Daniel Williams:Cancer outpatient volumes rise 18%, while inpatient oncology care holds steady. So oncology services need outpatient capacity. For pediatric patients, inpatient discharges go down 1%, while outpatient visits increase 8%. Basically, kids are showing up less in hospitals and more in clinic settings. Here are the key takeaways.
Daniel Williams:If you're managing a clinic or health system, lean into outpatient expansion, especially for surgery, chronic care, and cancer follow ups. With virtual visits rising, bolstering telehealth infrastructure isn't optional, it's essential. As post acute and home health explodes, partnering with home care or remote monitoring providers could be a big opportunity. And expect acutely ill patients, increase support for complexity and care coordination, even if volume isn't climbing as fast. That was a lot of numbers, but that is the data story behind the headline, Colleen.
Daniel Williams:Back to you.
Colleen Luckett:Thanks, Daniel.
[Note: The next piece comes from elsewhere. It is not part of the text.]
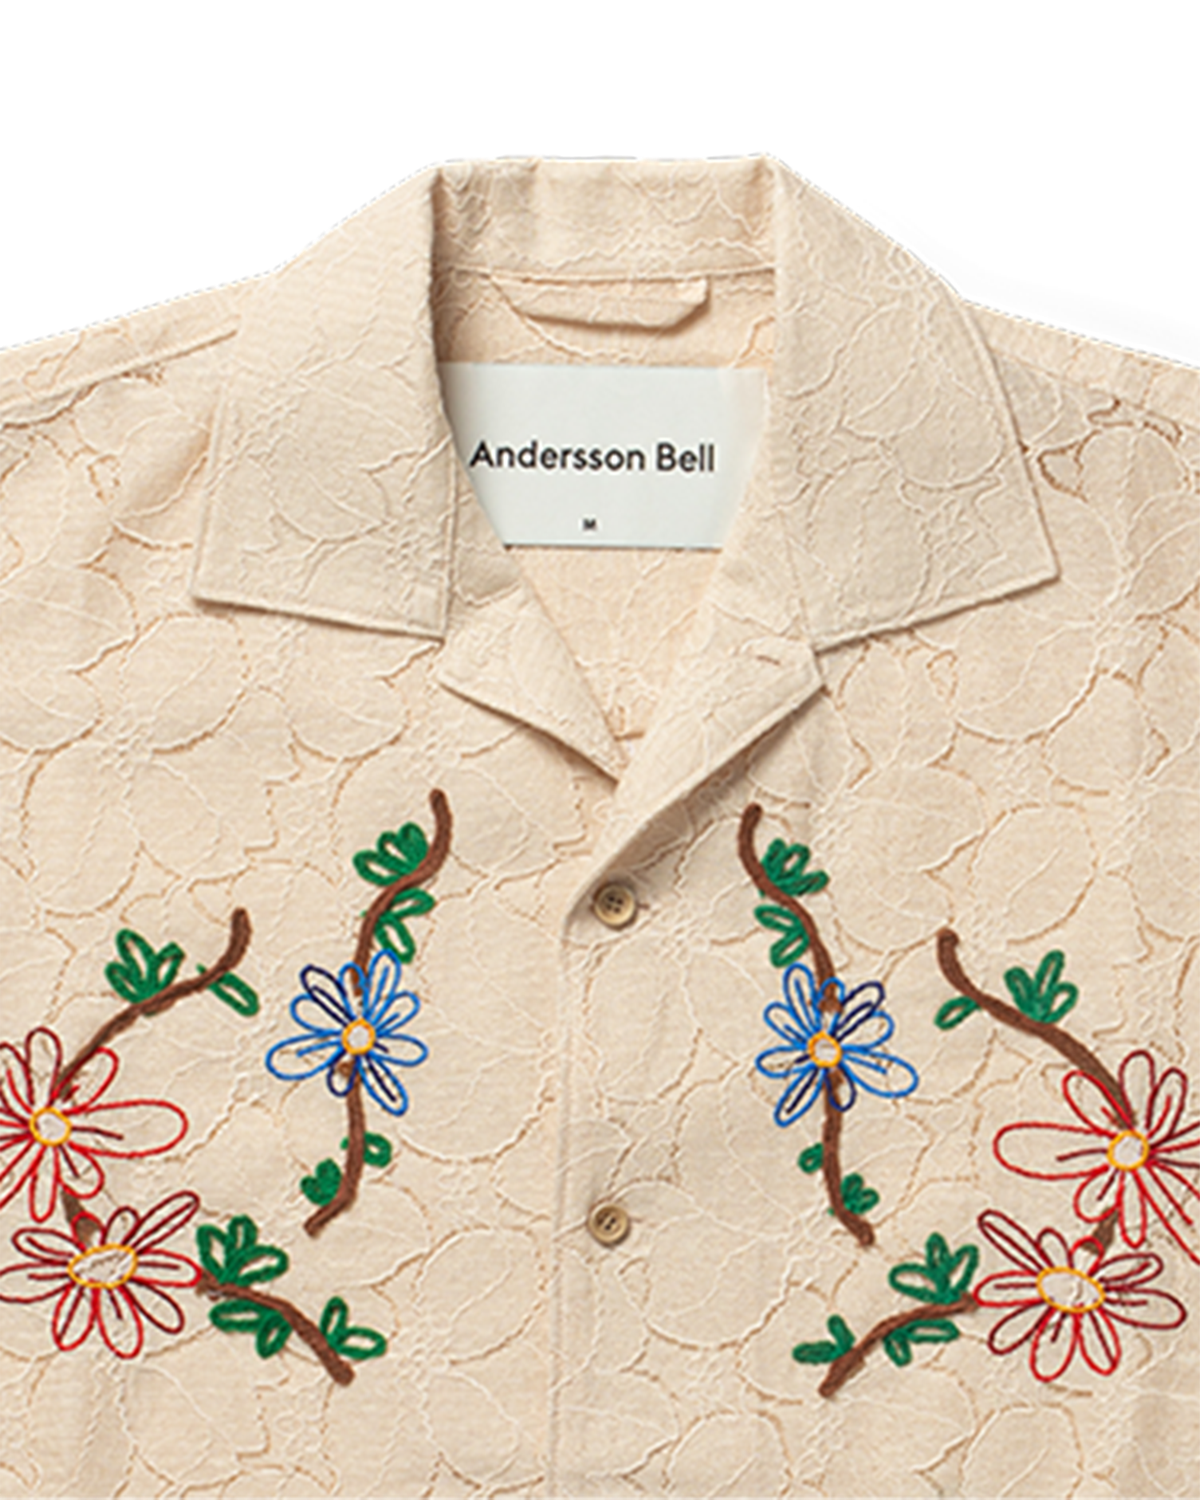 Flower Mushroom Embroidery Open Collar Shirts $429 Andersson Bell

So ever feel like risk adjustment was designed by a committee that never met a provider or maybe by someone who's never even seen an EHR? Well, the American College of Physicians is feeling your pain, and they just proposed a fix. In a July 2 article from medical economics titled ACP Calls for Risk Adjustment Overhaul to Improve Health Equity, Cut Red Tape, author Austin Luttrell lays out the ACP's new policy push. Their paper published in the Annals of Internal Medicine calls the current risk adjustment landscape fragmented, inconsistent, and unnecessarily stressful for physicians.
Colleen Luckett:So to clean it up, ACP offers eight recommendations, including standardizing documentation rules across payers, investing in interoperable health IT using FHIR based tools, incorporating social drivers of health like housing and income, and putting an end to the annual redocumentation of chronic conditions. They're also raising red flags about coding manipulation and caution as AI enters the risk scoring world, calling for clear guardrails that support accuracy and equity. ACP president, doctor Jason Goldman, said the aim is simple. Reduce admin burden and make payment more reflective of real patient needs. So what does this mean for MGMA members?
Colleen Luckett:In a word, plenty. For practices navigating value based care, risk scoring affects everything from contract performance to revenue cycle management. Any move towards standardization and tech enabled efficiency could give medical groups a much needed breather and help shift the focus back where it belongs, on patient care. Well, that's a wrap for me. Daniel, back to you.
Daniel Williams:Alright, Colleen. And that is a wrap for us this week. Again, happy fourth of July to everyone. Whether you're out there watching all the big fireworks go off or barbecuing or hanging out with dogs or whatever you've got on the agenda. Hope you are safe, and have a wonderful long weekend.